Normally, a case would be handled by the authority of the Member State that is most affected, and others would stay their own proceedings. The Commission would normally deal with matters that substantially affect more than 3 Members or where its intervention is appropriate in order to ensure efficient enforcement or to set policy. Where a national authority is already acting on a case, the Commission would only exercise its power to take over if it looks like it will be in conflict with others or with established Community case law, if it is taking too long, or if similar

problems are appearing widely and a Community decision is needed to clarify Community policy. The Commission would not normally adopt a decision in conflict with a national authority’s decision if it has been kept fully informed about the case. The ECN is also a forum for informal co-operation. The members hold occasional plenary meetings at the policy level. There are also working groups on topics such as leniency, transitional issues, sanctions and procedures, and Article 82, and sector subgroups about railways, electricity and insurance.

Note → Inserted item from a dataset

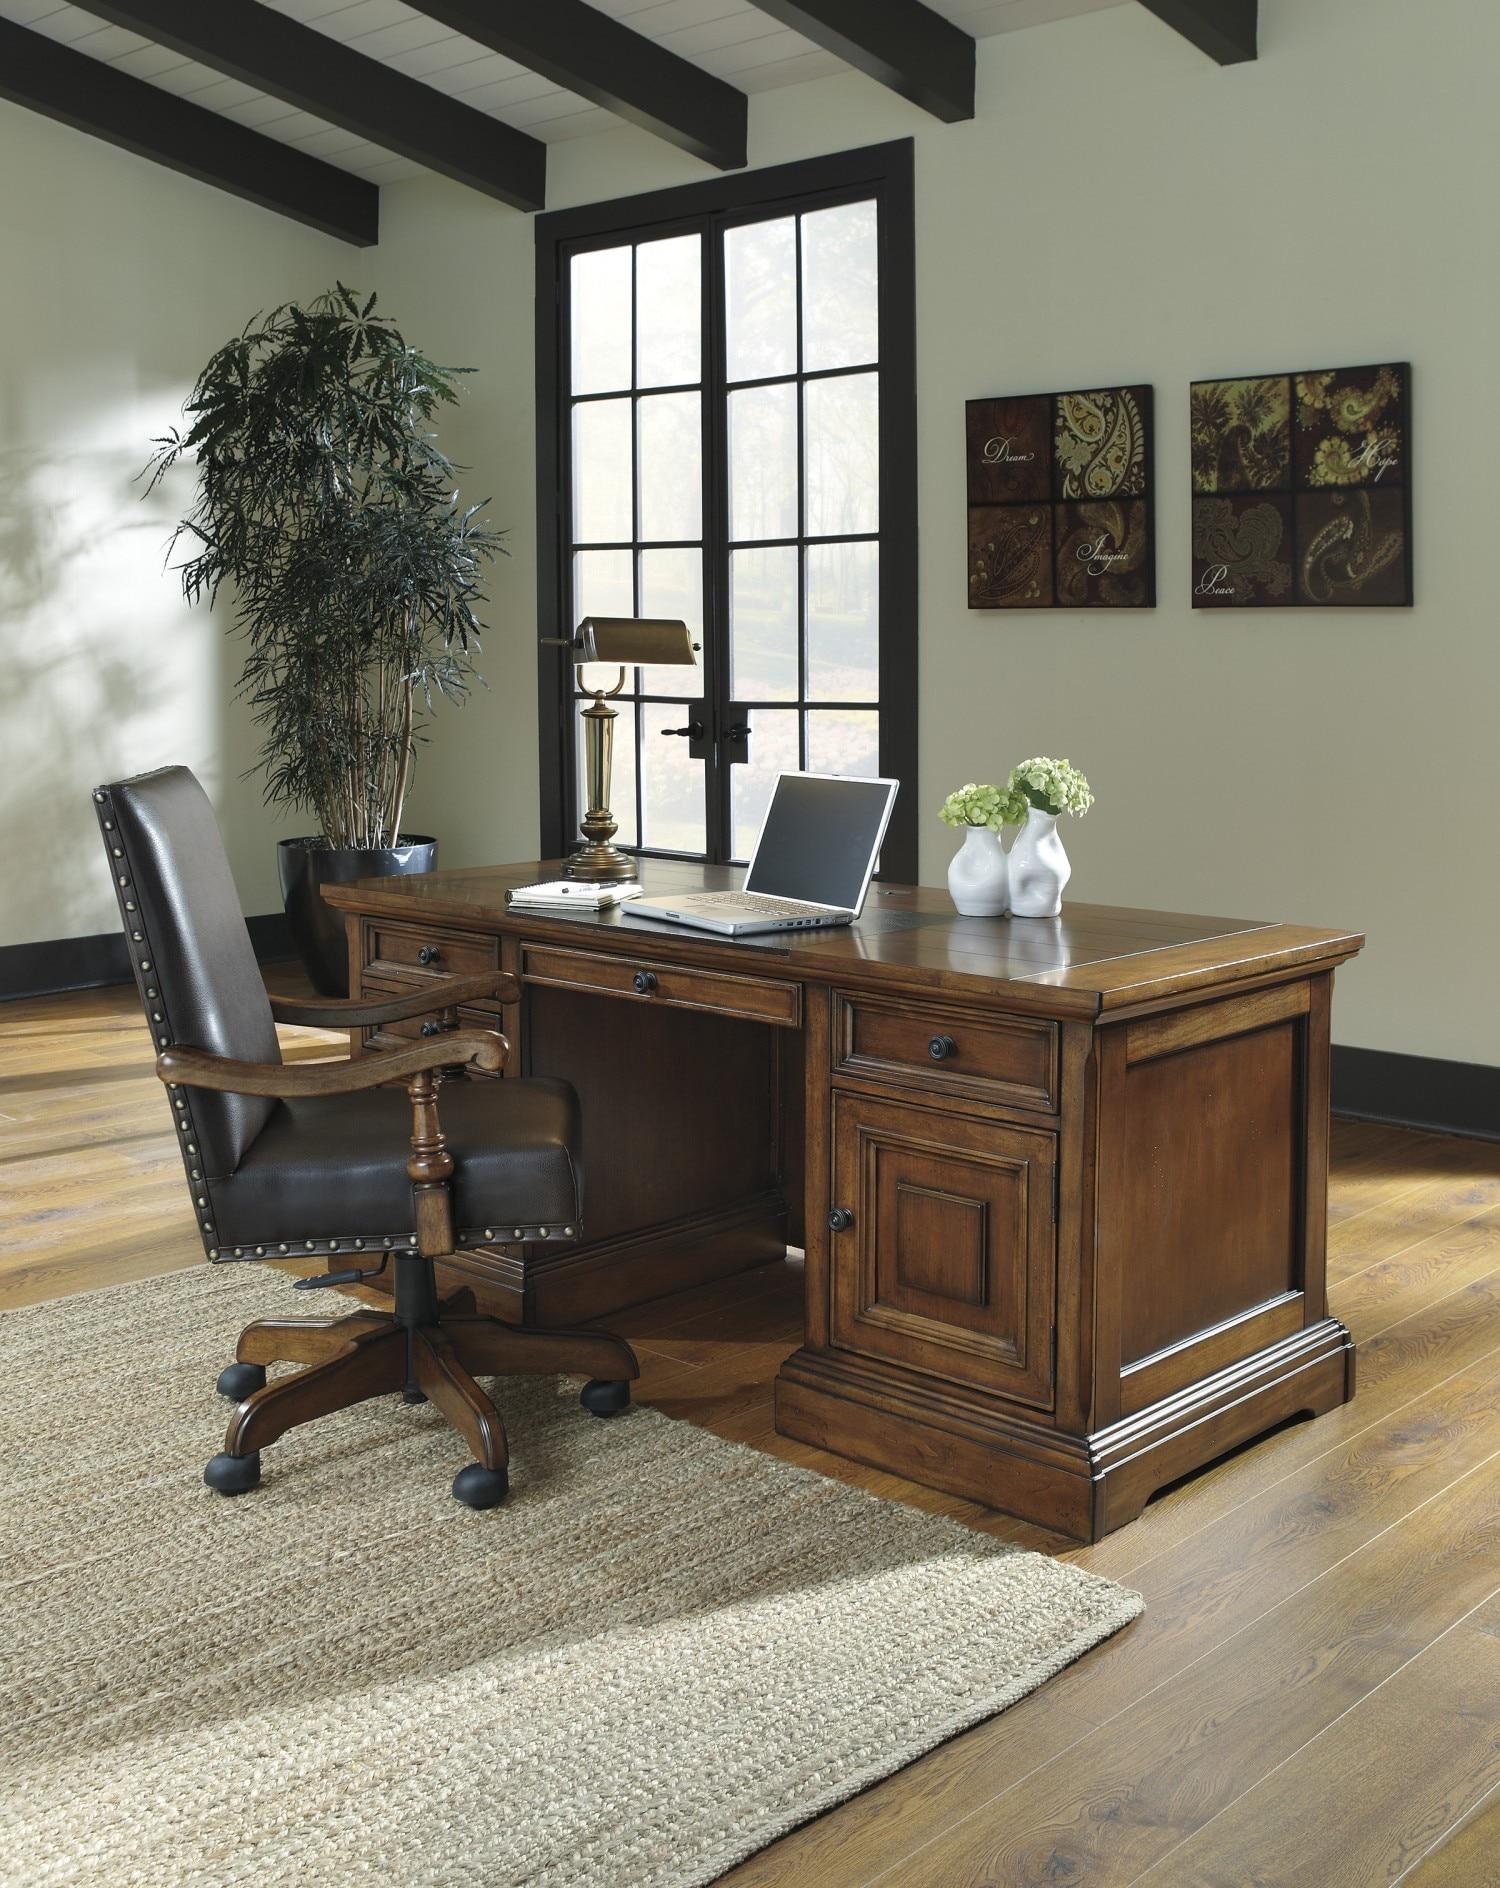 office organization furniture. Make It Work: Get Organized \u0026 Be More Productive Office Organization Furniture

As agencies across the Community share enforcement responsibilities, complications will arise about parallel investigations and leniency applications in several jurisdictions. Exchange of experiences has led to the introduction of generally consistent leniency programs in the Member States. Programs are in place in 17 Members now, and programs are planned in several more. Enforcement could suffer it multiplicity and inconsistency deter firms from coming forward.

Differences among the programs are few, mostly about the obligation to stop the infringing conduct.

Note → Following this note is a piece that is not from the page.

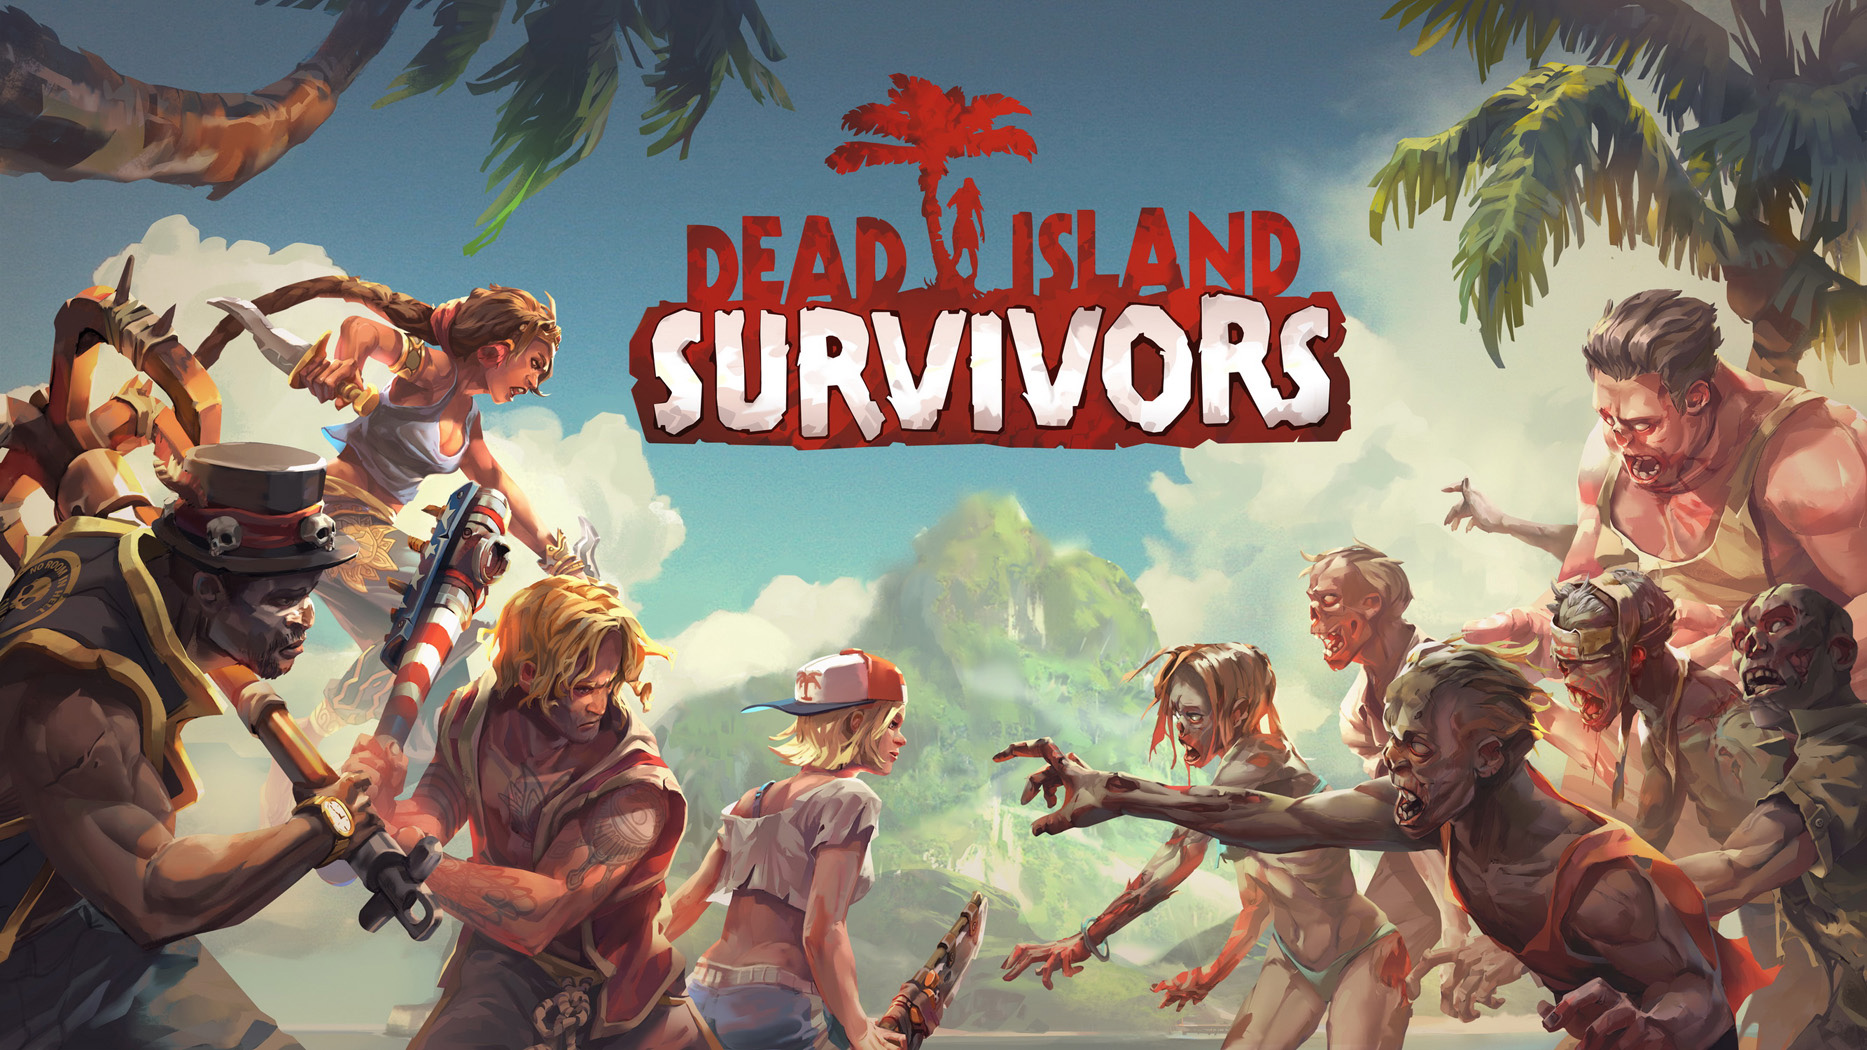 http://www.idgtv.es/archivos/201807/dead-island-survivors-art.jpg
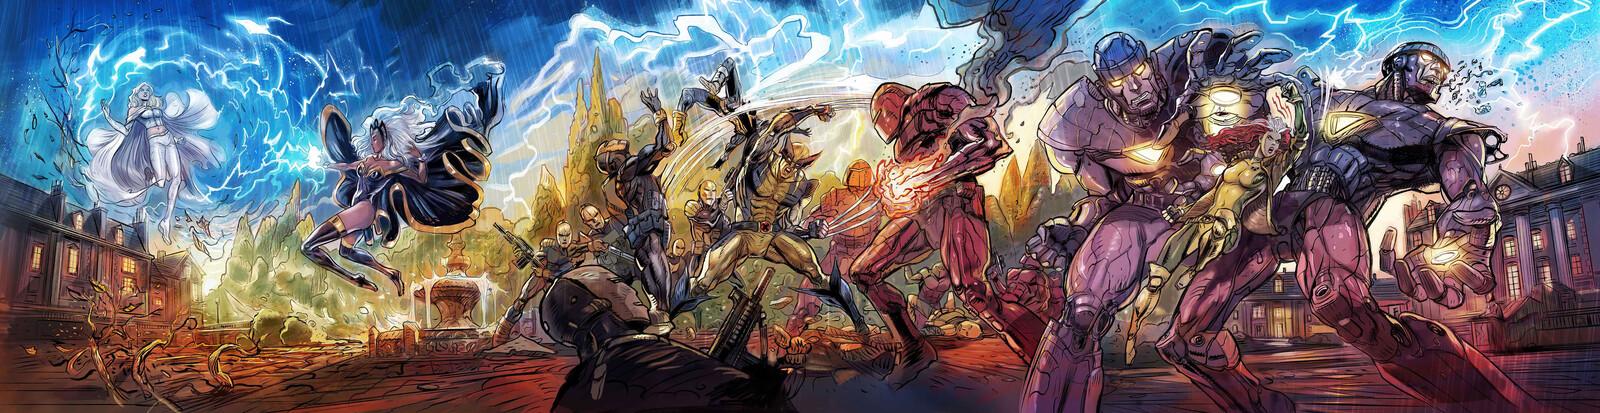 X-Men - Mutant Insurrection: Emma Frost Showdown (3 panels)

4. Limits of competition policy: exclusions and sectoral regimes

There is no general principle in the Treaties or in Community jurisprudence about how to deal with a conflict between the demands of competition law and those of other Community-level laws or official actions. Conflicts with Member States laws and official actions have been a much more important topic. The Member States’ capacity to use national law to prevent or restrain competition is limited. A Member State may constrain the freedom to set prices, if this is manifestly an exercise of government authority and not rubberstamping of a private agreement and if the power has not been removed by Community legislation. But business firms cannot usually defend their infringements of Article 81 or Article 82 by claiming that national regulation eliminated their freedom of competitive action.

Member States may adopt rules that constrain competition in order to promote some sectoral or other policy, as long as there was no contrary Community policy on the issue and other Treaty obligations are respected. Since those other Treaty obligations include market openness and non-discrimination, national measures that might affect trade would not be permitted. But the Treaty texts combine to disfavour a broad “state-action” exemption. Article 10 of the Treaty obliges Member States to take all appropriate measures to fulfil their obligations and to facilitate the Commission’s task, and it requires that they abstain from any measures that could jeopardise attainment of Treaty objectives. One of those objectives is “a system ensuring that competition in the internal market is not distorted”. (Article 3(1)(g))

Labour is not subject to Community competition law. The Treaty covers labour separately, in Article 39. Employees are not undertakings; rather, they work for undertakings. Trade unions would be considered undertakings to the extent that they enter into commercial activities, but not when they are dealing with labour market issues. In general, agreements concluded in good faith on core subjects of collective bargaining, such as wages and working conditions, which do not directly affect third markets and third parties are beyond the scope of Community competition law.